L’équité commande de ne pas faire application des dispositions de l’article 700 du Code de procédure civile.
PAR CES MOTIFS :
Le juge des contentieux de la protection, statuant publiquement, suivant jugement réputé contradictoire et en premier ressort,
— DÉCLARE recevable la demande en résiliation de bail présentée par la SODEGIS, dûment représentée par son représentant légal ;
— CONSTATE que les conditions d’acquisition de la clause résolutoire figurant au bail conclu le 30 mai 2022 entre, d’une part, la SODEGIS, dûment représentée par son représentant légal, et, d’autre part, Mme [O] [F] et M. [X] [V] concernant le logement situé [Adresse 3], sont réunies à la date du 19 novembre 2024 ;
— REJETTE la demande de délais de paiement ;
— ORDONNE en conséquence à Mme [O] [F] et M. [X] [V] de libérer le logement et de restituer les clés dans le délai de quinze jours à compter de la signification du présent jugement ;
— DIT qu’à défaut pour Mme [O] [F] et M. [X] [V] d’avoir volontairement libéré les lieux et restitué les clés dans ce délai, la SODEGIS pourra faire procéder à leur expulsion ainsi qu’à celle de tous occupants de leur chef, y compris le cas échéant avec le concours d’un serrurier et de la force publique ;
— RAPPELLE que cette expulsion ne pourra avoir lieu dans les conditions de l’exécution forcée qu’après l’expiration d’un délai de deux mois suivant la délivrance d’un commandement d’avoir à quitter les lieux, conformément à l’article L. 412-1 du Code des procédures civiles d’exécution ;
— DIT que le sort des meubles restant dans les lieux sera réglé conformément aux dispositions des articles L. 433-1 et L. 433-2 du Code des procédures civiles d’exécution ;
— CONDAMNE Mme [O] [F] et M. [X] [V] à payer à la SODEGIS, dûment représentée par son représentant légal, la somme de 5 468,95 euros au titre de l’arriéré locatif arrêté au 23 octobre 2025, avec intérêts au taux légal à compter de la présente décision ;
— CONDAMNE Mme [O] [F] et M. [X] [V] à payer à la SODEGIS, dûment représentée par son représentant légal, une indemnité mensuelle d’occupation égale au montant du loyer et des charges qui auraient été exigibles si le bail n’avait pas été résilié, à compter du 24 novembre 2025 et jusqu’à la date de la libération effective et définitive des lieux, remise des clés comprise, soit 671,37 euros, cette indemnité étant révisable selon les mêmes modalités que celles prévues pour le loyer au contrat au bail ;
— REJETTE la demande au titre de l’article 700 du Code de procédure civile ;
— CONDAMNE Mme [O] [F] et M. [X] [V] aux entiers dépens de la présente procédure, qui comprendront notamment le coût du commandement de payer et de l’assignation.

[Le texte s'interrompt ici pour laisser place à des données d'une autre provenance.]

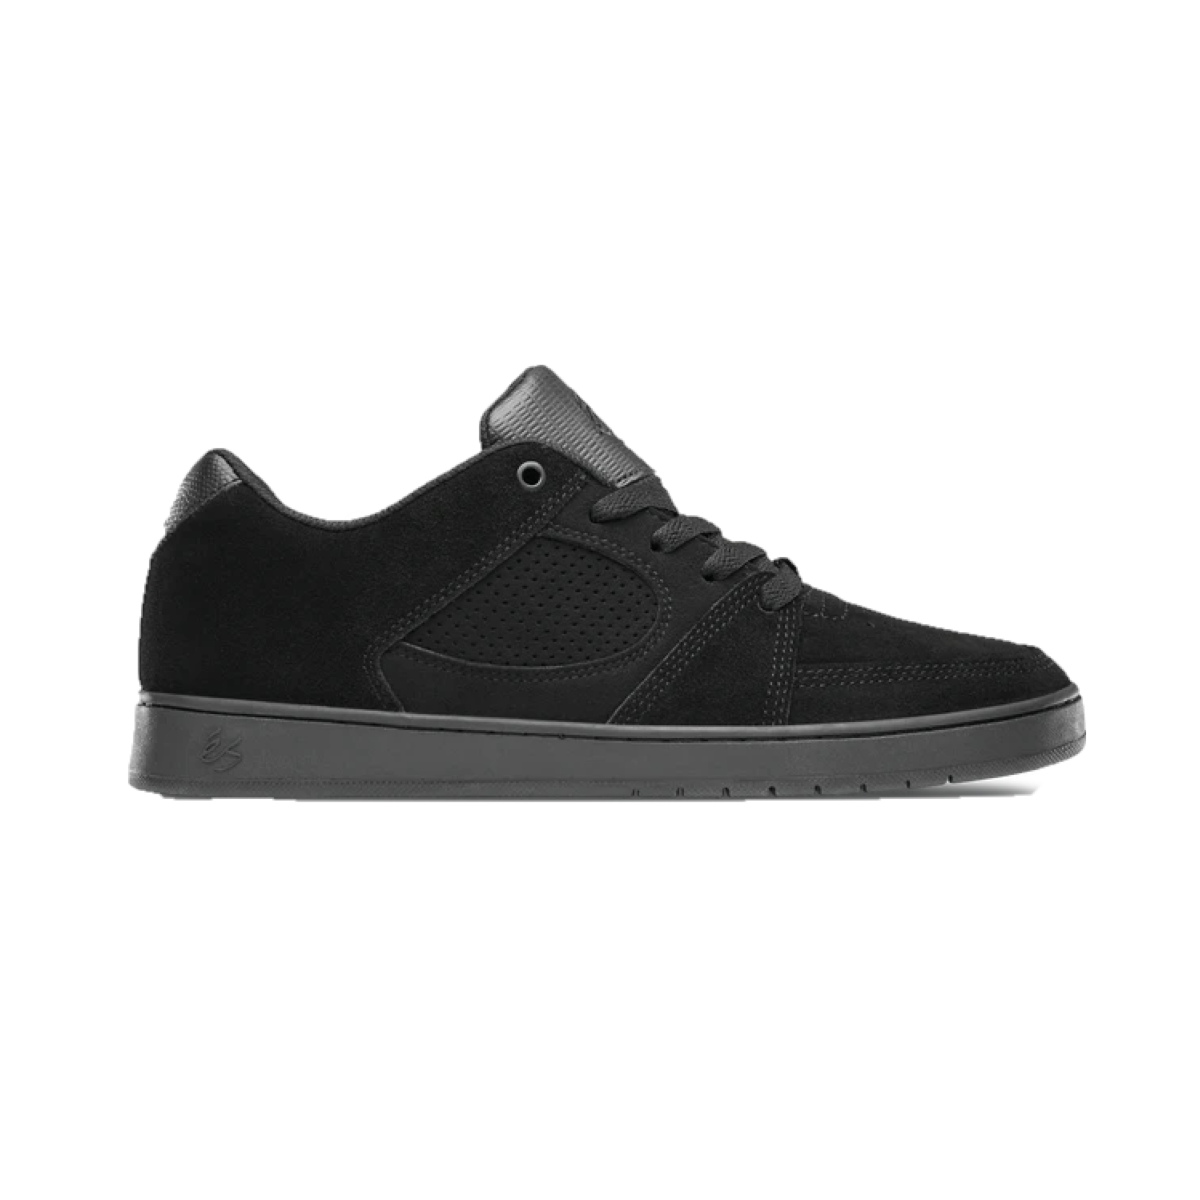 ÉS 5101000144/004 ACCEL SLIM MN'S (Medium) Black Suede Skate Shoes

Ainsi jugé et prononcé par mise à disposition du jugement au greffe le 22 décembre 2025, les parties en ayant été préalablement avisées dans les conditions prévues au deuxième alinéa de l’article 450 du Code de procédure civile, la minute étant signée par Pauline SUZANNE, magistrat exerçant à titre temporaire délégué dans les fonctions de juge des contentieux de la protection, et le greffier.